Tout s’était déroulé à merveille : ils avaient échangé leurs vœux devant une foule larmoyante, les nièces avaient porté les fleurs et les anneaux avec grâce, l’homélie avait été retentissante, les colombes s’étaient envolées dans le ciel, le riz avait été lancé…Tout ce beau monde s’était maintenant retrouvé autour des tables endimanchées dans l’immense salle de réception remplie à pleine capacité. Les tables avaient été harmonieusement décorées par des bouquets fabriqués avec des fleurs exotiques et odorantes et une enveloppe scellée avait été placée sous chaque assiette. Sur chacune, il était écrit : Ne pas ouvrir avant la fin de la soirée! Les invités étaient bien intrigués par ces enveloppes, mais personne n’osa les ouvrir.

Le repas se déroulait magnifiquement bien entre les fracas du cristal des coupes, les baisers langoureux des nouveaux mariés et les toasts portés au bonheur des époux.

-"L’heure du dessert est arrivée." pensa l’homme et il demanda le micro.
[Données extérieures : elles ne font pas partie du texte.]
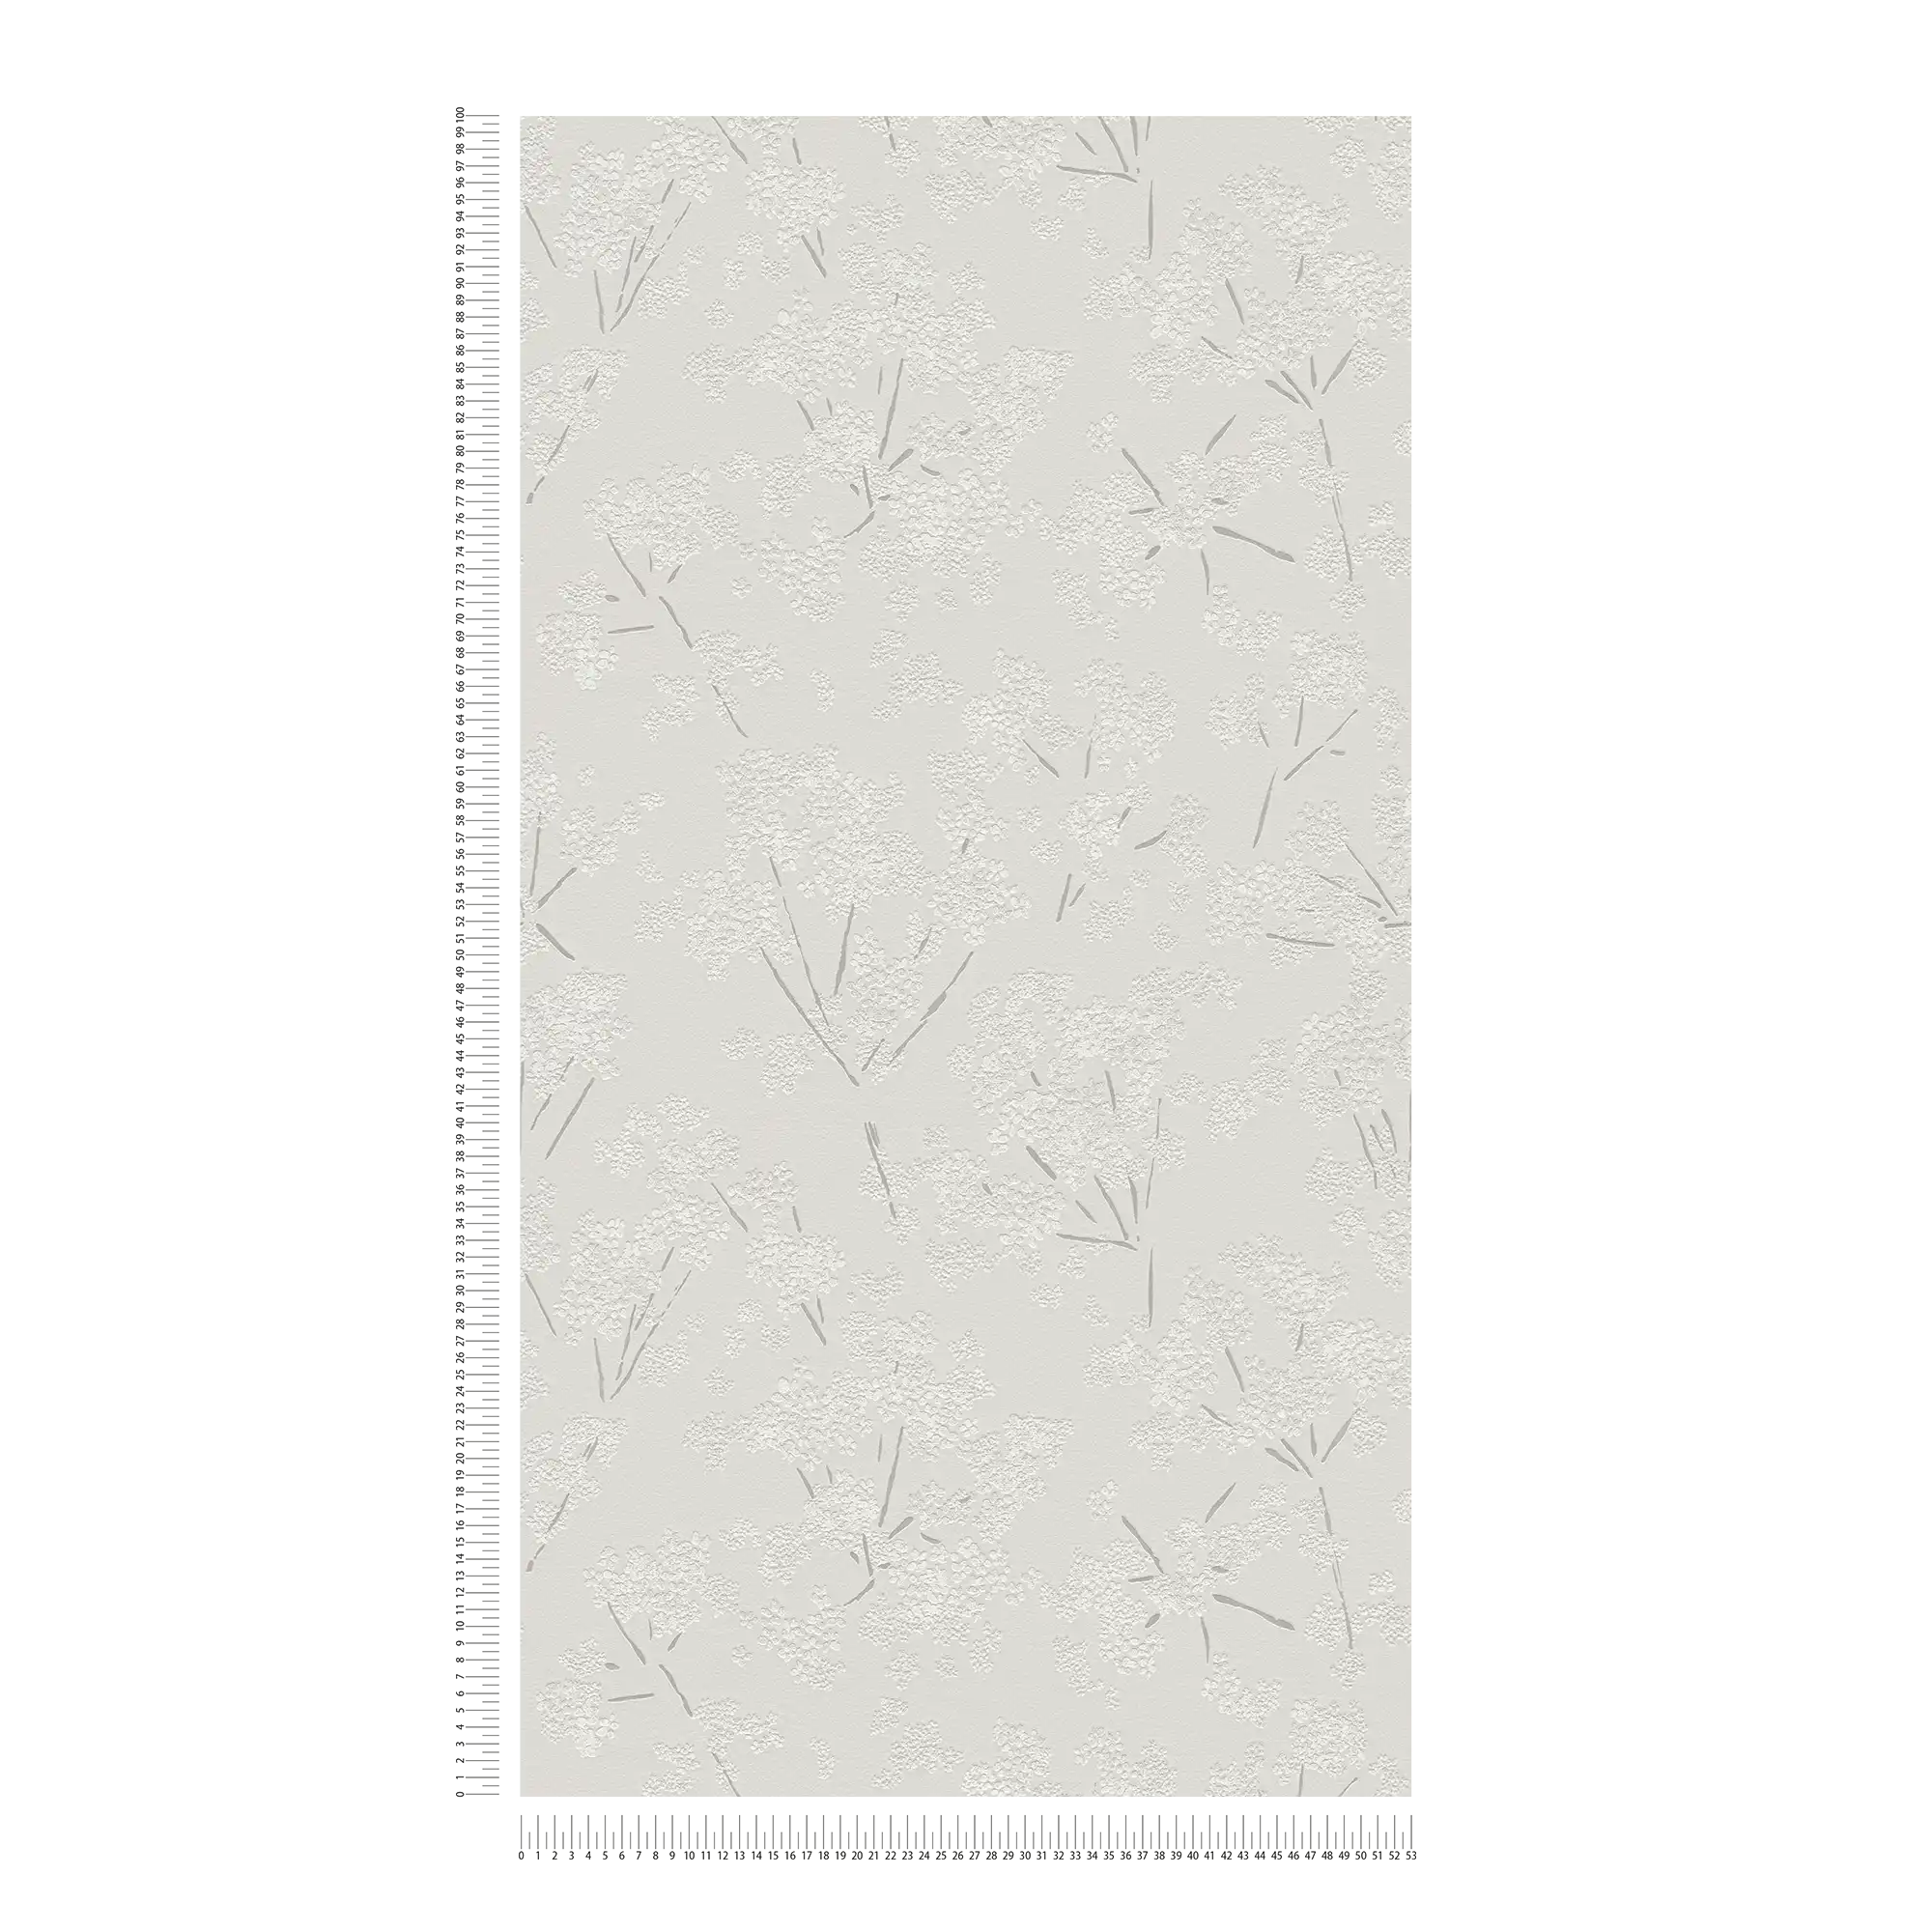             Vliesbehang met abstract bloemenpatroon - grijs, wit

Il entendit la foule se taire en une vague de chuintements sourds et c’est à ce moment qu’il sut qu’il allait enfin sortir de son calvaire. Ce qu’il avait à dire, il l’avait appris par cœur. Depuis presqu’un an, il avait imprimé ces paroles dans son cerveau. Ils les avaient répétées chaque jour comme une prière, comme le plus exquis des poèmes. Combien de fois avait-il imaginé ce dénouement? Dieu seul le savait.

-"J’aimerais porter un toast à la plus belle des femmes, à celle qui m’a rendu le plus heureux du monde." Il prit un moment pour la regarder intensément dans les yeux. Elle souriait de toutes ses dents et il eut un instant de faiblesse. Il reprit son souffle et se souvint d’un vieux truc pour se donner le courage de parler aisément en public : imaginer son interlocuteur dans son entière nudité. Il eut un fou rire gras incontrôlable en la visualisant avec ce chocolat de pacotille dont le souvenir lui revint amèrement en bouche. Cette image lui ramena sa verve aussitôt.

-"Merci mon amour d’avoir fait l’homme que je suis aujourd’hui. Tu ne le sais pas encore, mais ce mariage m’a rendu plus fort, m’a rendu la force que j’avais perdue dans ces nombreux moments de déprime et dans ce spleen qui m’accablait. C’est toi qui m’a fait comprendre qu’il valait mieux vivre la vérité en face, toute nue (il rit intérieurement de la finesse soudaine de son lapsus) et d’affronter mes démons, de me retrousser les manches et d’avancer." Son cœur battait à tout rompre. Il continua :

"Ma bien-aimée…Je fus si lâche et de là venait mon malheur. Lâche de croire en ce vaudeville que tu as si bien orchestré et qui me faisait malgré moi jouer le rôle de ce vulgaire figurant qui voyait au loin cet autre incarner le protagoniste de tes nuits… L’amour m’a rendu aveugle, sourd et muet et aujourd’hui, c’est la vengeance qui me redonne mes sens…Enfin." Il soupira.

Il se retourna vers cette grande bouche bée qu’était devenue la foule.

-"Je vous invite tous à passer une excellente soirée et à vous offrir l’honneur d’ouvrir mon cadeau de noces." Il pointa les enveloppes sur les tables.

Le cillement perçant du micro fit sortir la mariée de sa paralysante torpeur. Elle savait. En s’éloignant, il l’entendit geindre telle une truie qu’on égorge. Jamais il ne s’était senti aussi bien de sa vie.

Déjà, la foule s’horrifiait après avoir ouvert l’enveloppe enrubannée qui contenait une photo très explicite montrant la mariée se faisant chevaucher par le témoin de la cérémonie.